*Action item*
Could you repeat the entries below exactly, but only from the line with "Cordera Mohair Sweater in Tangerine" through the line with "Cultured Stone® - Tenley", and without any picture?

*Data for analysis*
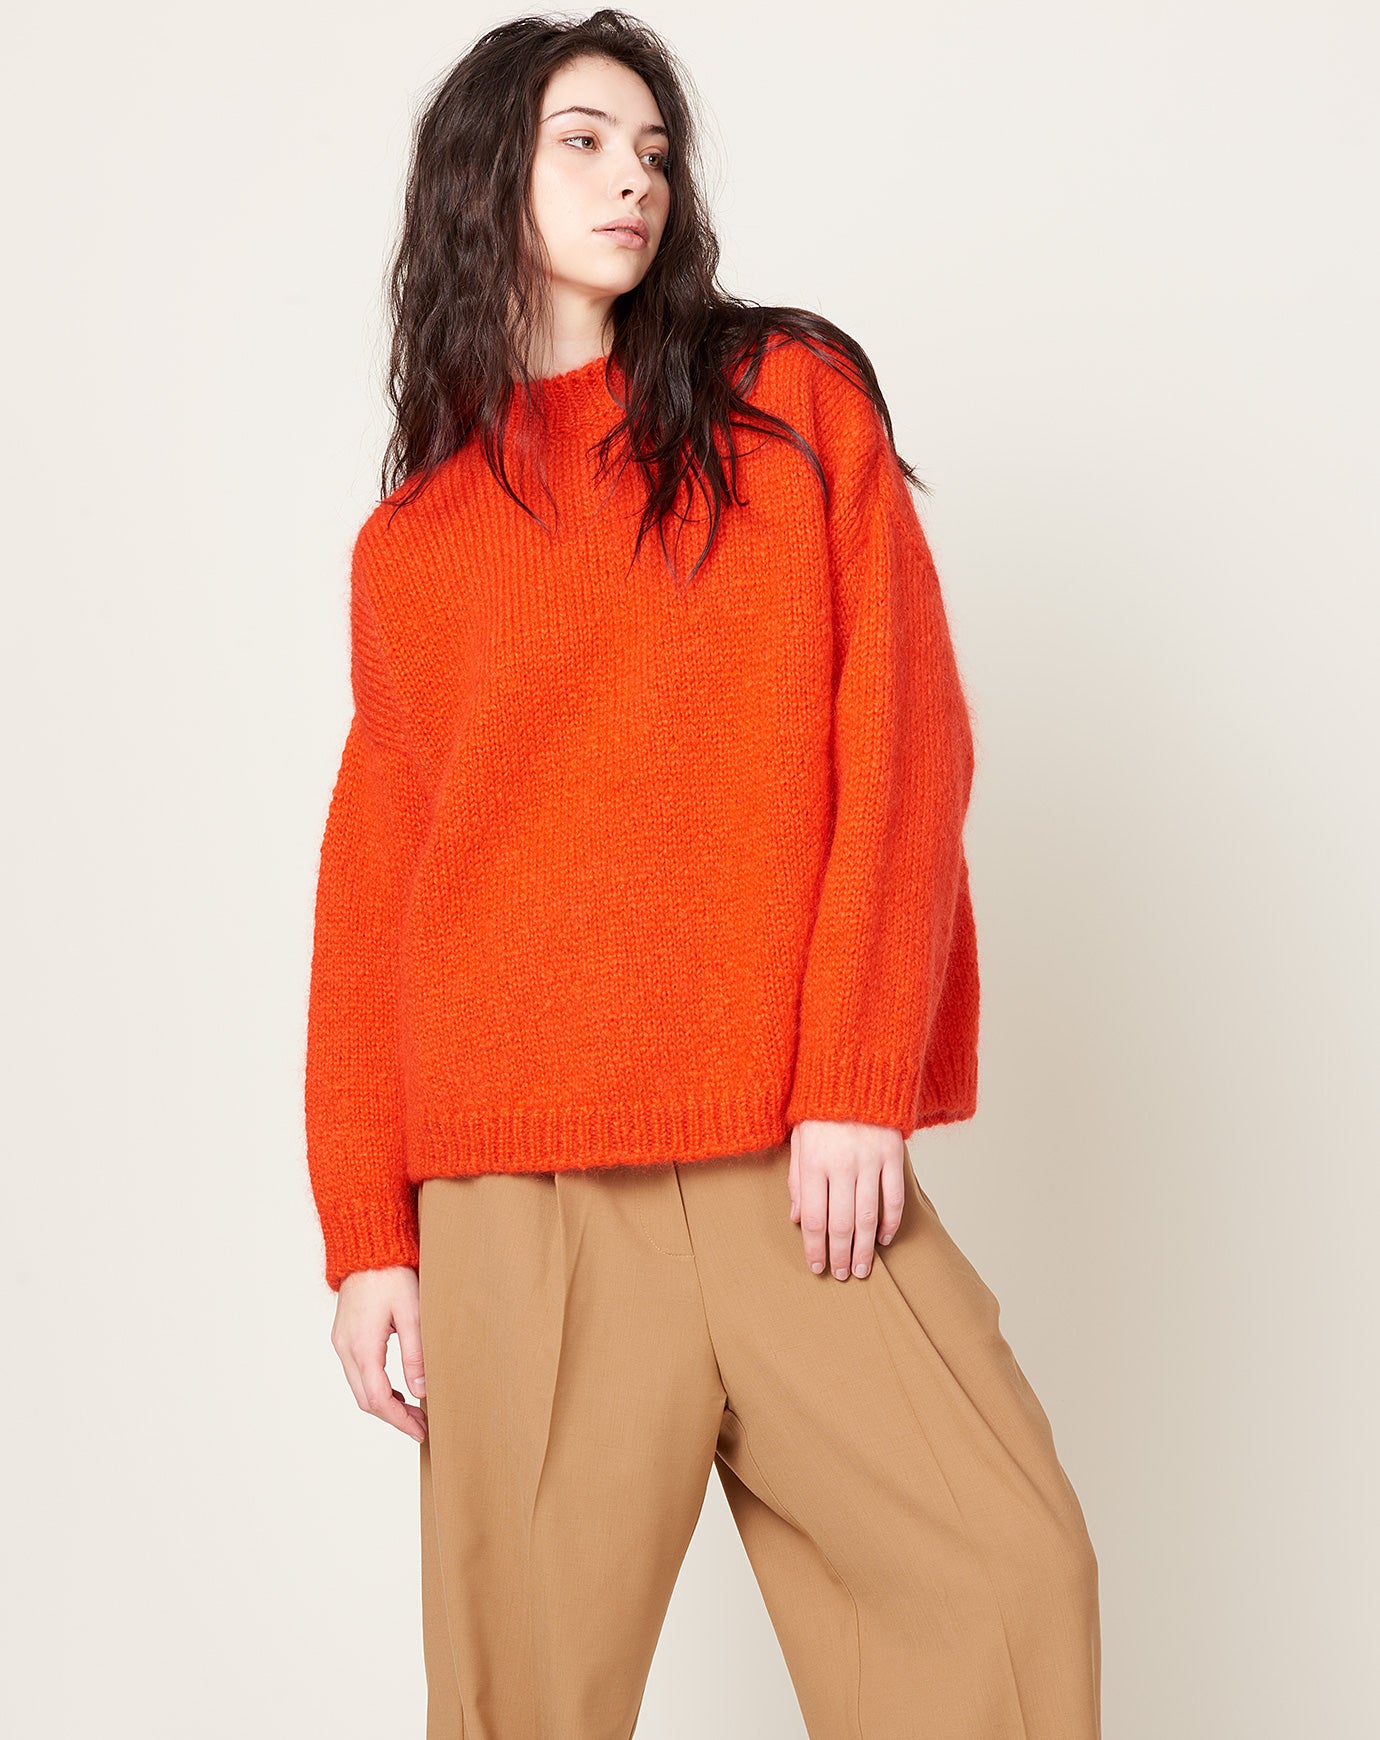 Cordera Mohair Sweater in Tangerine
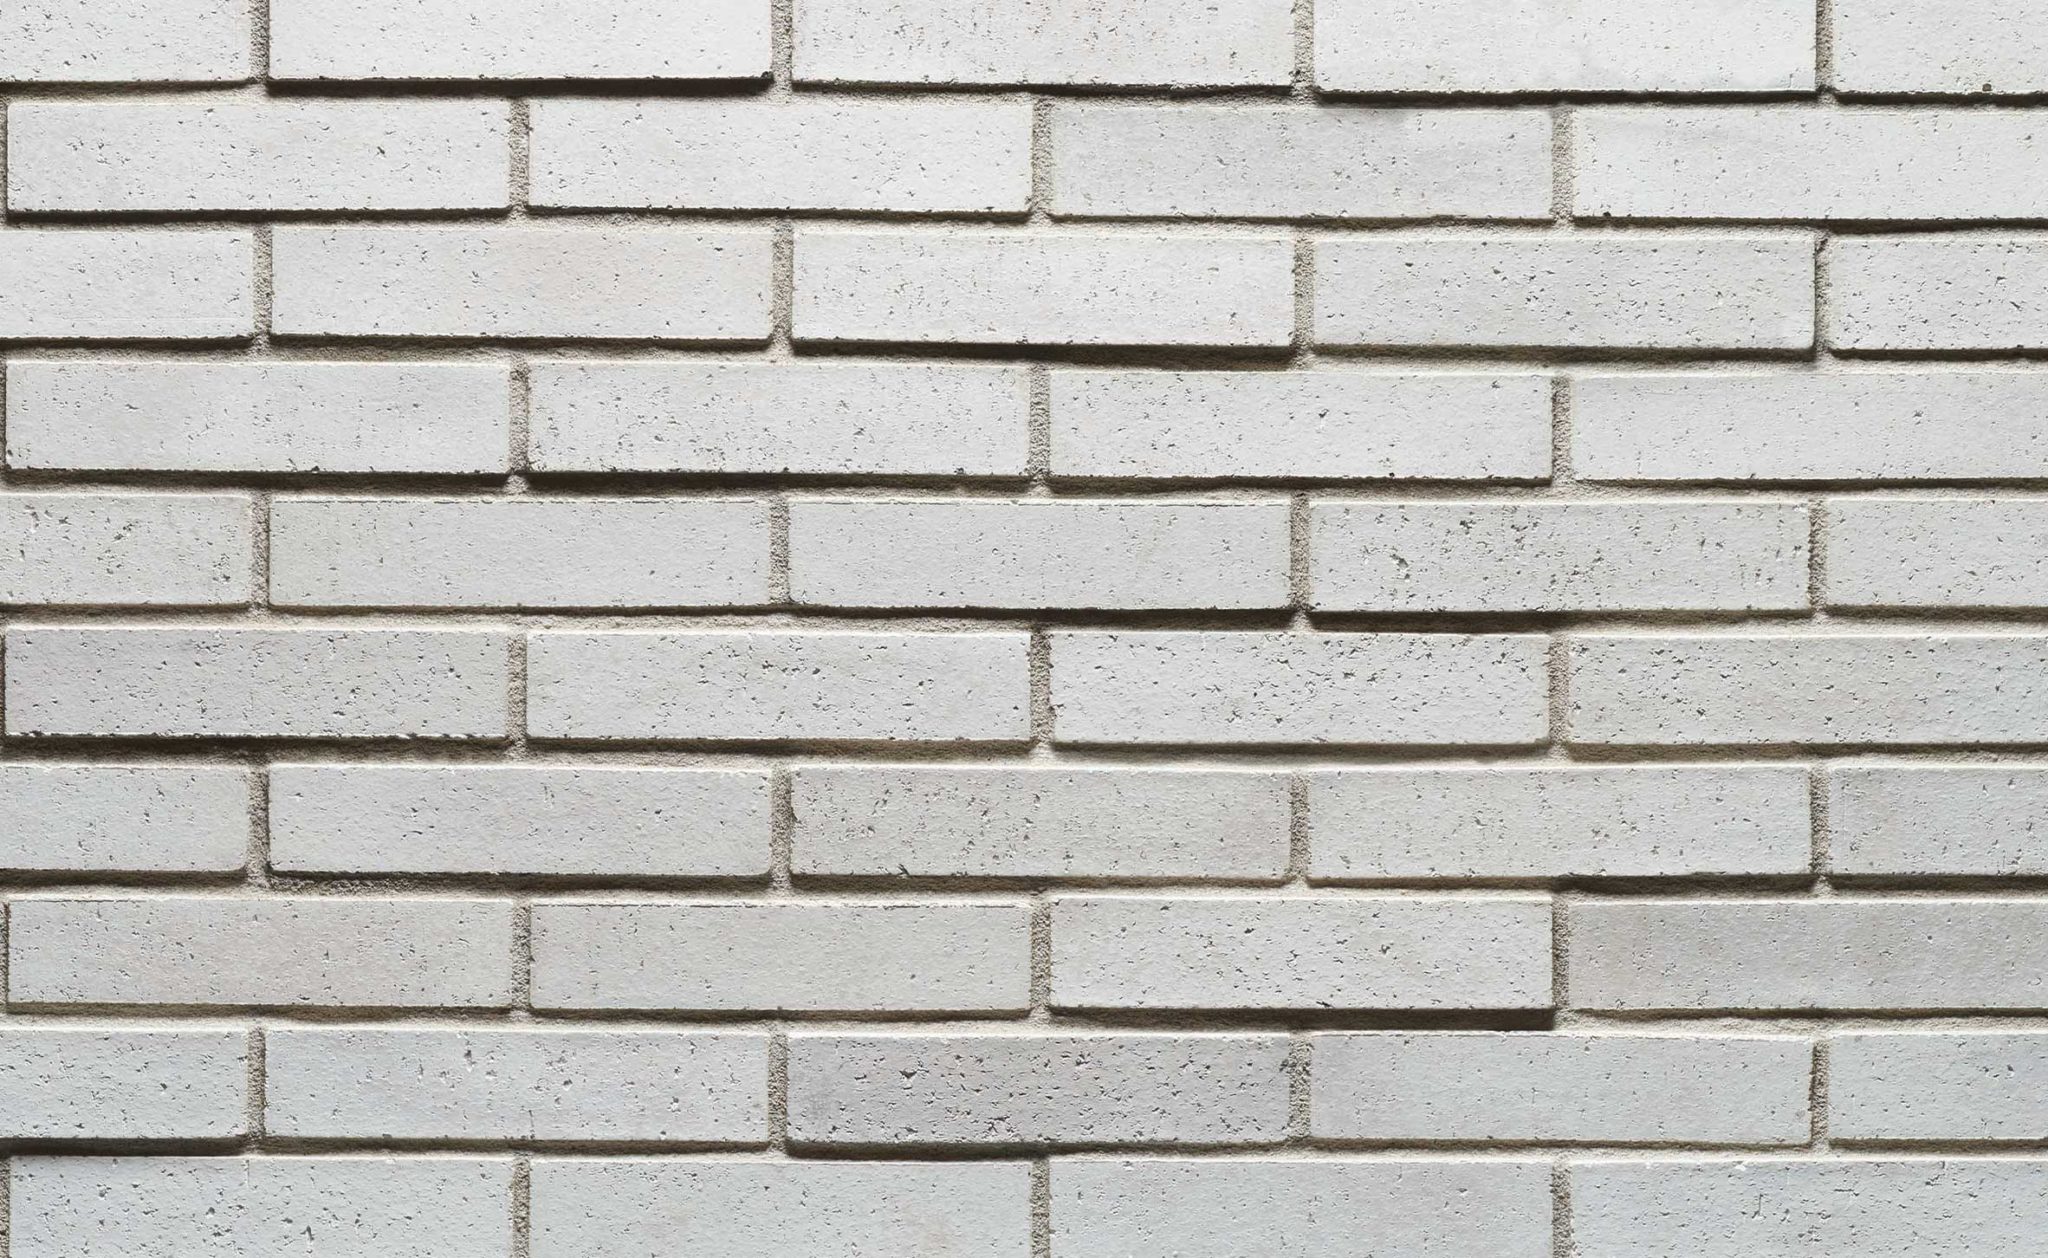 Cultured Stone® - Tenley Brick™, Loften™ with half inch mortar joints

---

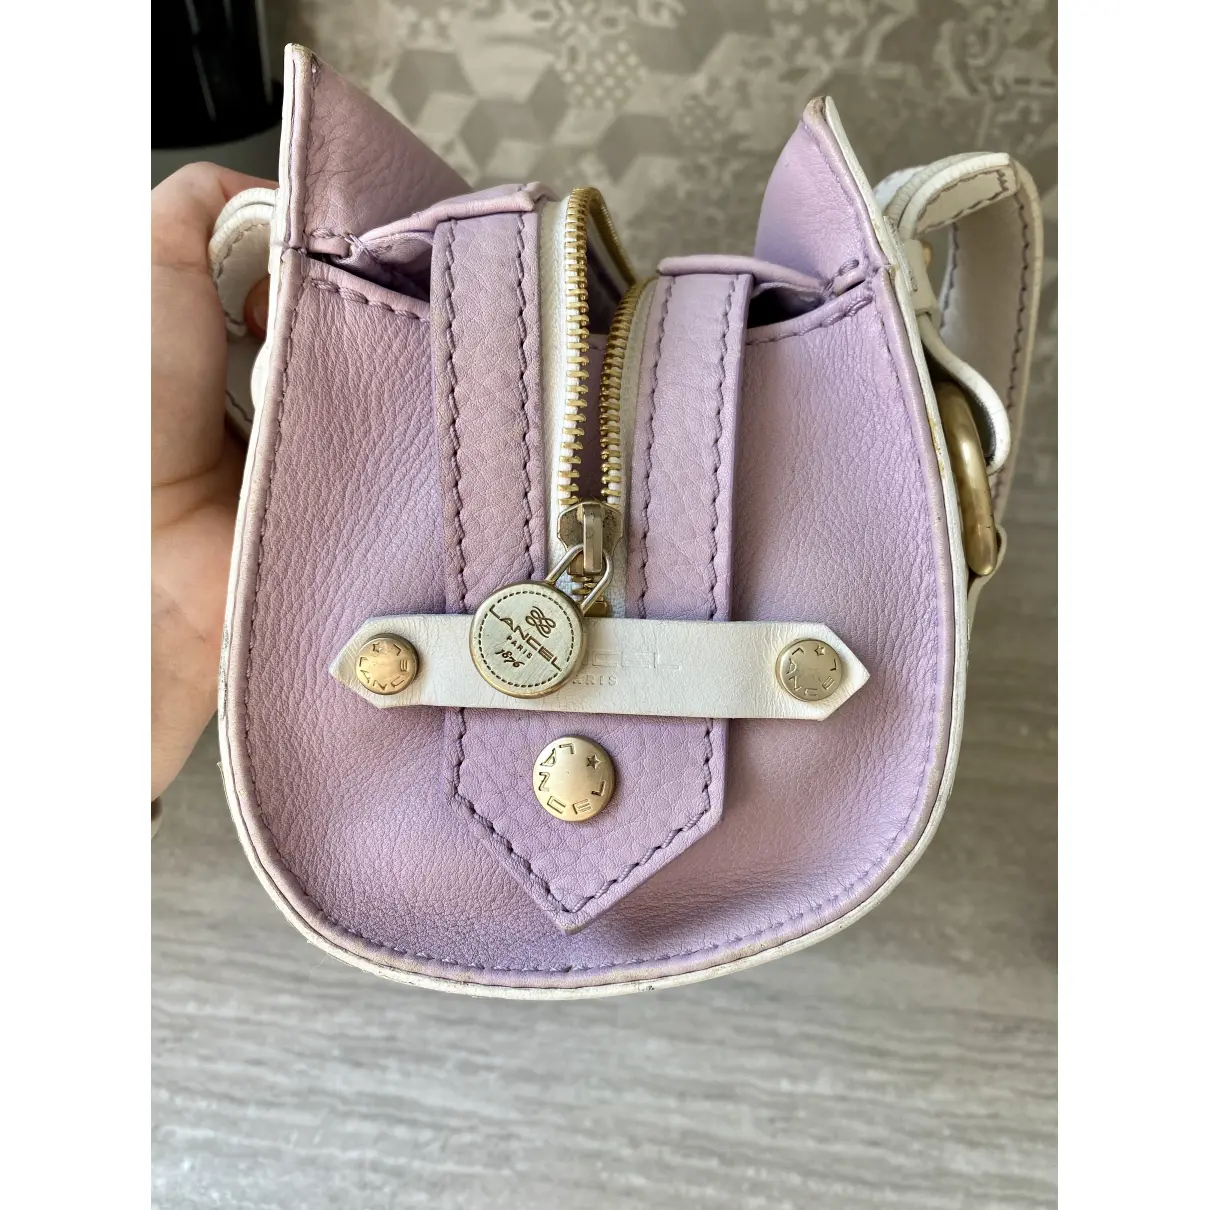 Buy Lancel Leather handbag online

*Written solution*
 Cordera Mohair Sweater in Tangerine
 Cultured Stone® - Tenley Brick™, Loften™ with half inch mortar joints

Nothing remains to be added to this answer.